(Collected data)
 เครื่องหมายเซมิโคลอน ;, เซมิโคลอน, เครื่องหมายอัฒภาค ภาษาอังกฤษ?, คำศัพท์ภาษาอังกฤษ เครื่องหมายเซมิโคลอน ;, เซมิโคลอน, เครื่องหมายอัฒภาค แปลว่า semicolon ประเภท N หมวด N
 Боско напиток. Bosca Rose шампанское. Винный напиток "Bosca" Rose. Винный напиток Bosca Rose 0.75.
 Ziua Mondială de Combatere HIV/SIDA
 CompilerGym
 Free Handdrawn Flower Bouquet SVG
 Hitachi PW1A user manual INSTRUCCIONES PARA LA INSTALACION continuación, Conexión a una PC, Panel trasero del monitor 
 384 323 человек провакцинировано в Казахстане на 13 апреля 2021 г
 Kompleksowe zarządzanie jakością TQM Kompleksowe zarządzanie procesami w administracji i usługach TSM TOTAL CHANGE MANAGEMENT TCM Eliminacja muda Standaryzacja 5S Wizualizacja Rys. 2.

== TASK REQUIREMENTS ==
Only the lines from the one with "Ziua Mondială de Combatere HIV/SIDA" through the final line above belong in the answer, each reproduced word for word.

== TASK ANSWER ==
 Ziua Mondială de Combatere HIV/SIDA
 CompilerGym
 Free Handdrawn Flower Bouquet SVG
 Hitachi PW1A user manual INSTRUCCIONES PARA LA INSTALACION continuación, Conexión a una PC, Panel trasero del monitor 
 384 323 человек провакцинировано в Казахстане на 13 апреля 2021 г
 Kompleksowe zarządzanie jakością TQM Kompleksowe zarządzanie procesami w administracji i usługach TSM TOTAL CHANGE MANAGEMENT TCM Eliminacja muda Standaryzacja 5S Wizualizacja Rys. 2.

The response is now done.